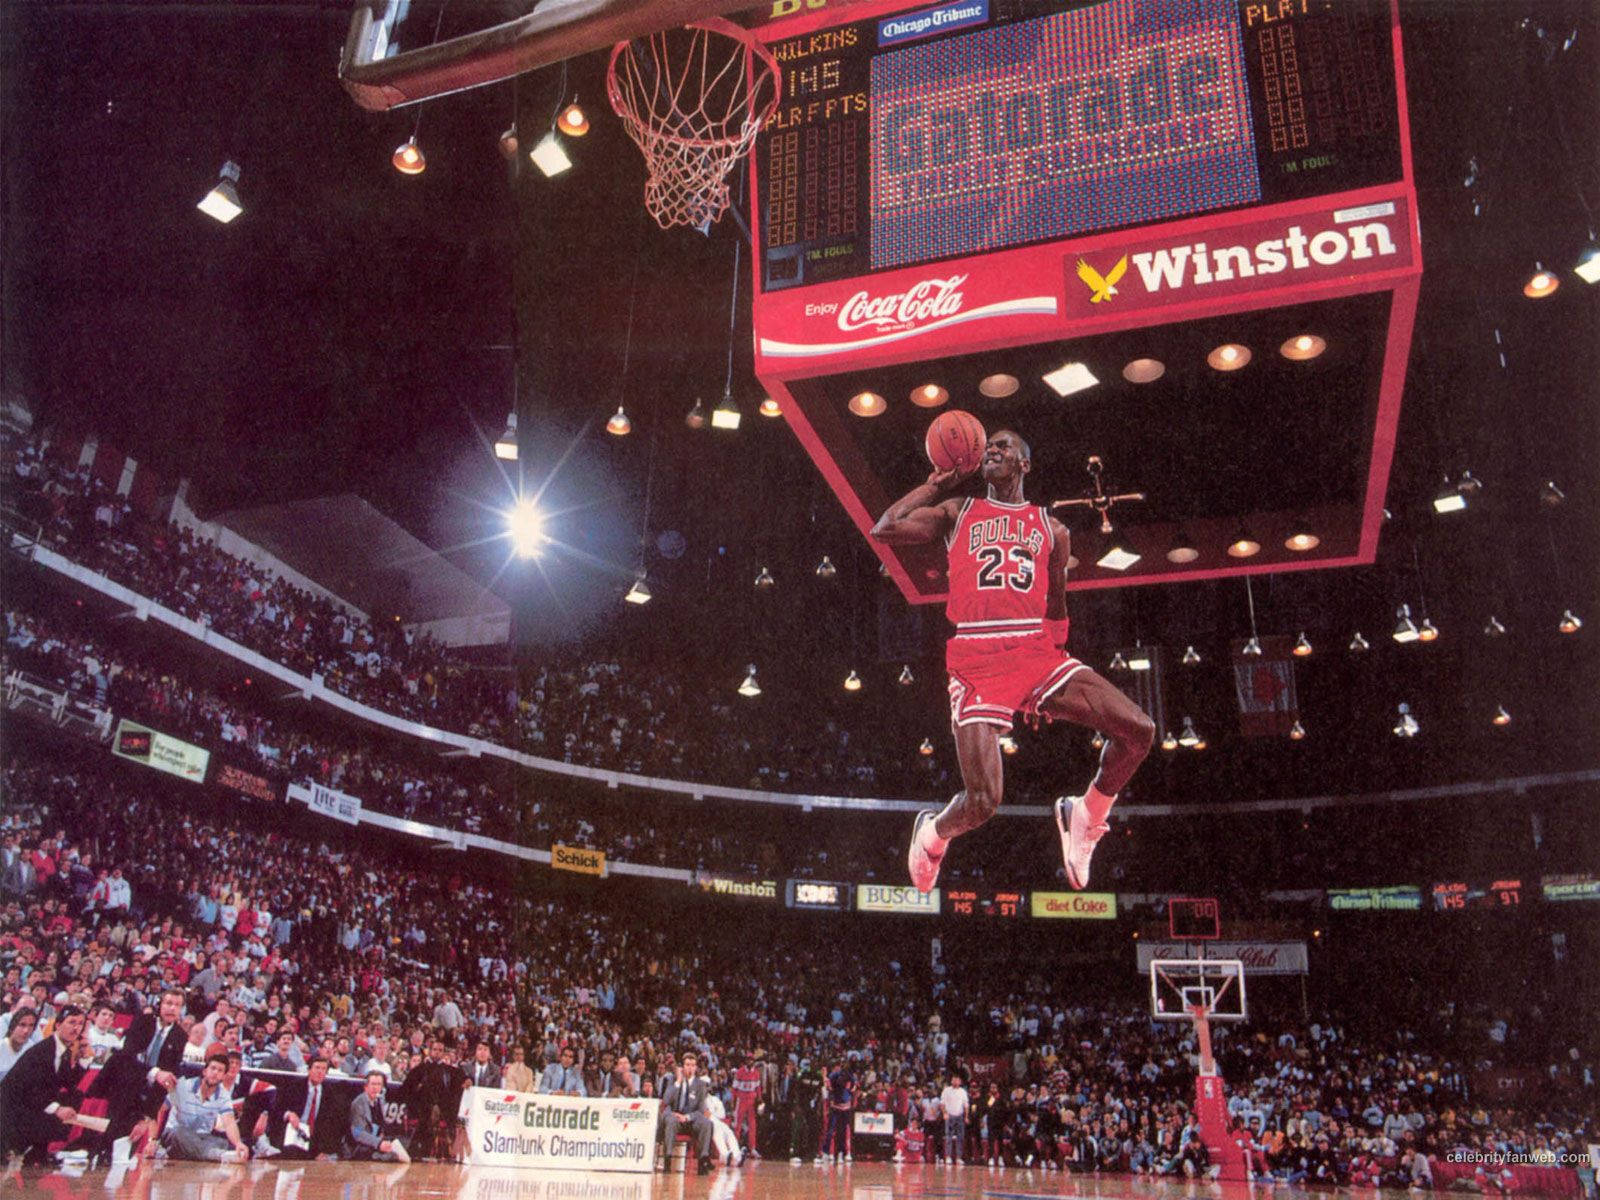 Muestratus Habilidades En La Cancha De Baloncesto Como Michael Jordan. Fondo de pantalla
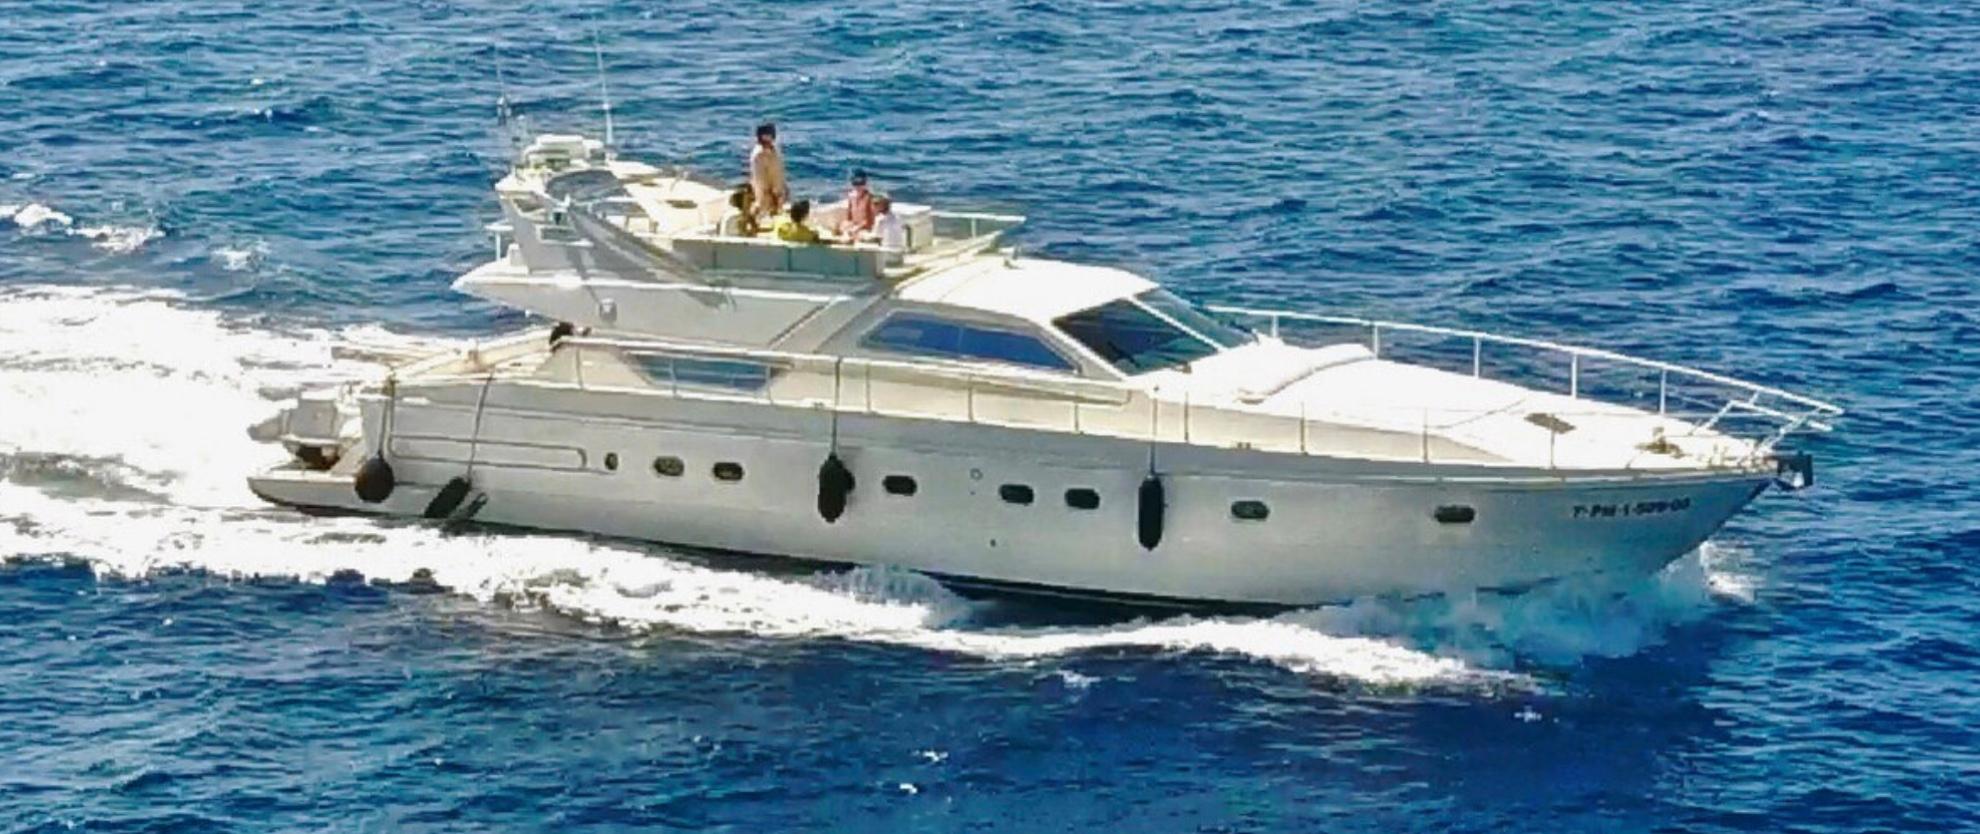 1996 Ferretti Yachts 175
________________
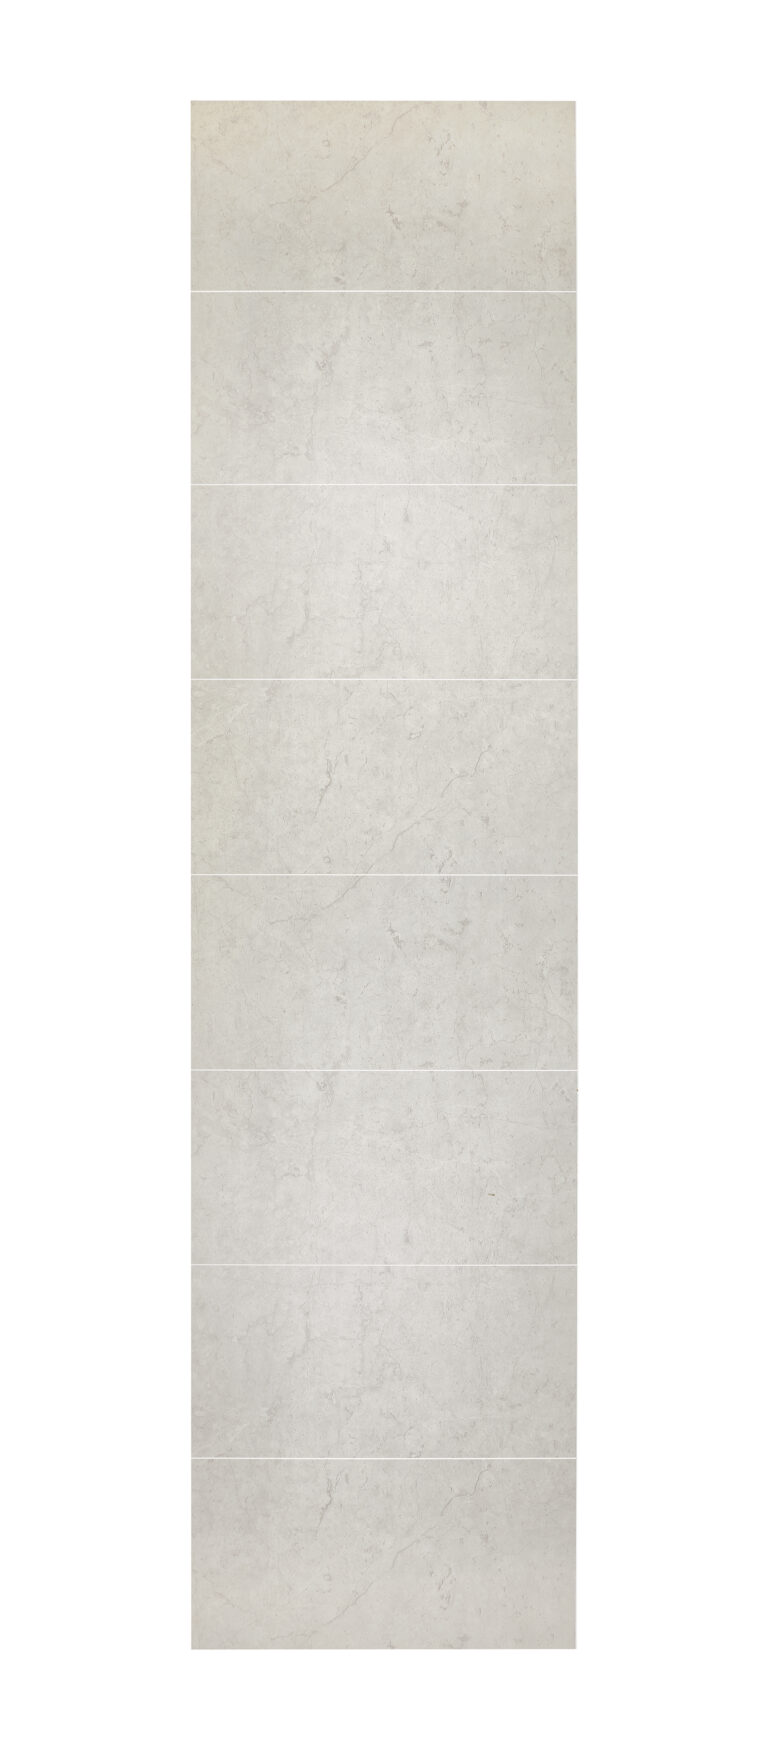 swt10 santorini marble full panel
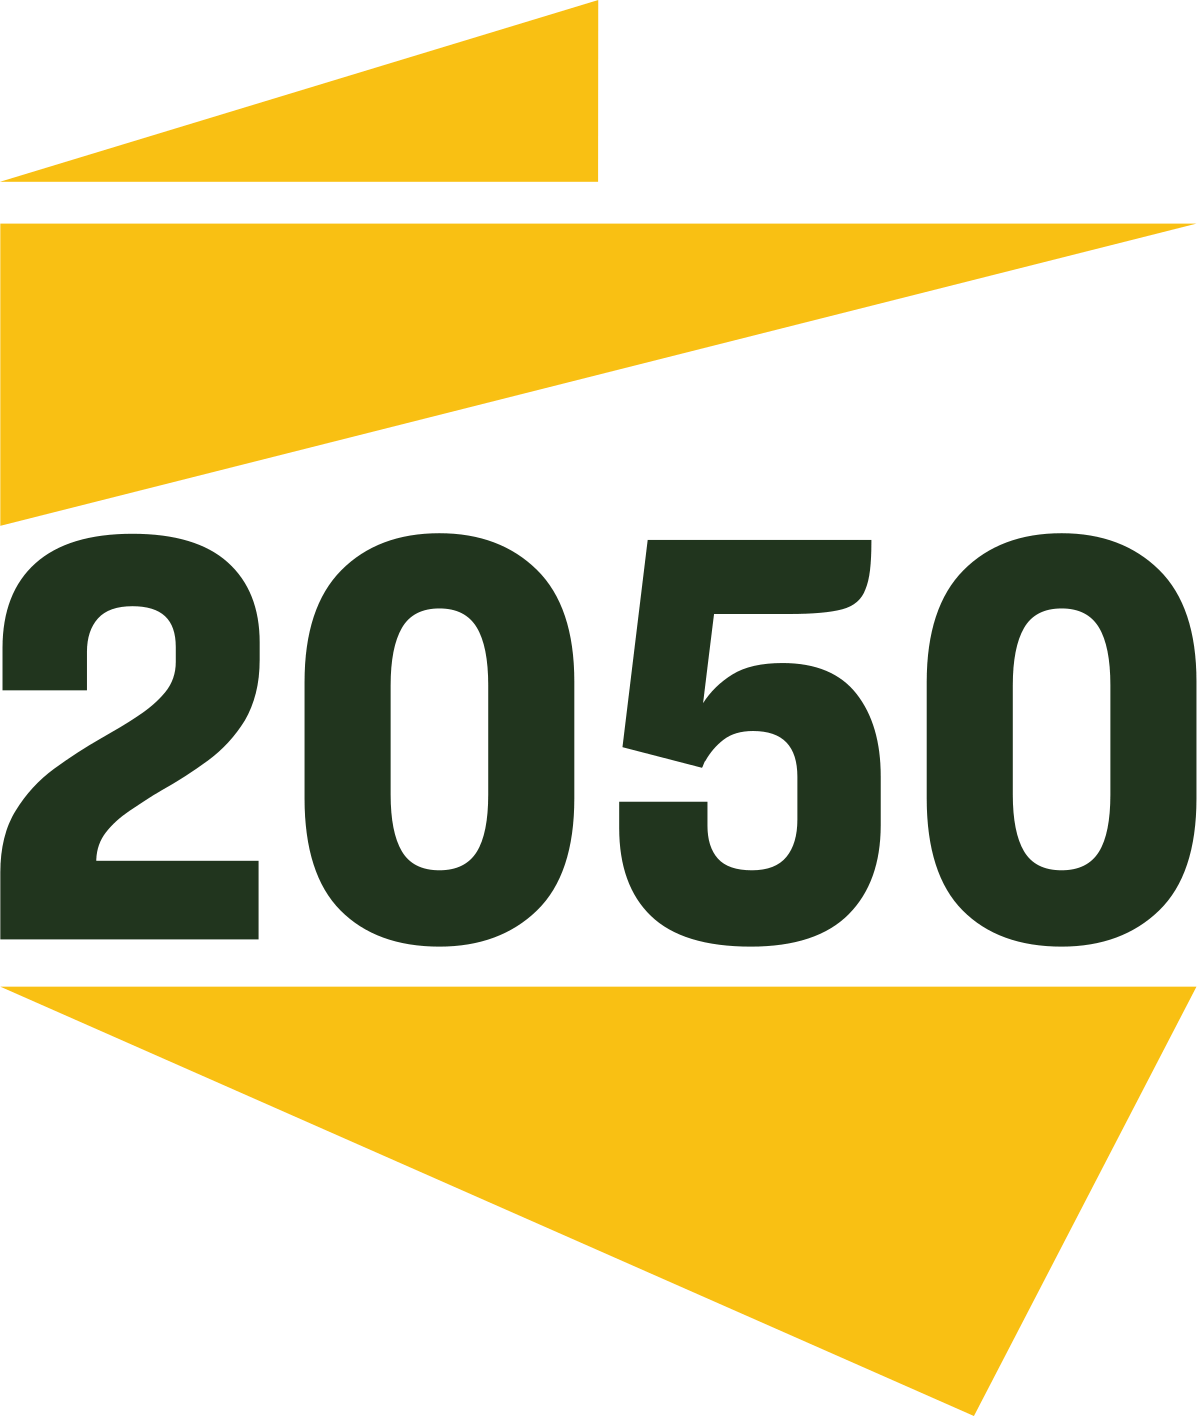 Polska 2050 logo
________________
Aim of the exercise: Your reply should consist solely of the lines above from the line containing "Muestratus Habilidades En" up to and including the line containing "1996 Ferretti Yachts 175", reproduced exactly, minus the pictures.

Solution for this problem:
 Muestratus Habilidades En La Cancha De Baloncesto Como Michael Jordan. Fondo de pantalla
 1996 Ferretti Yachts 175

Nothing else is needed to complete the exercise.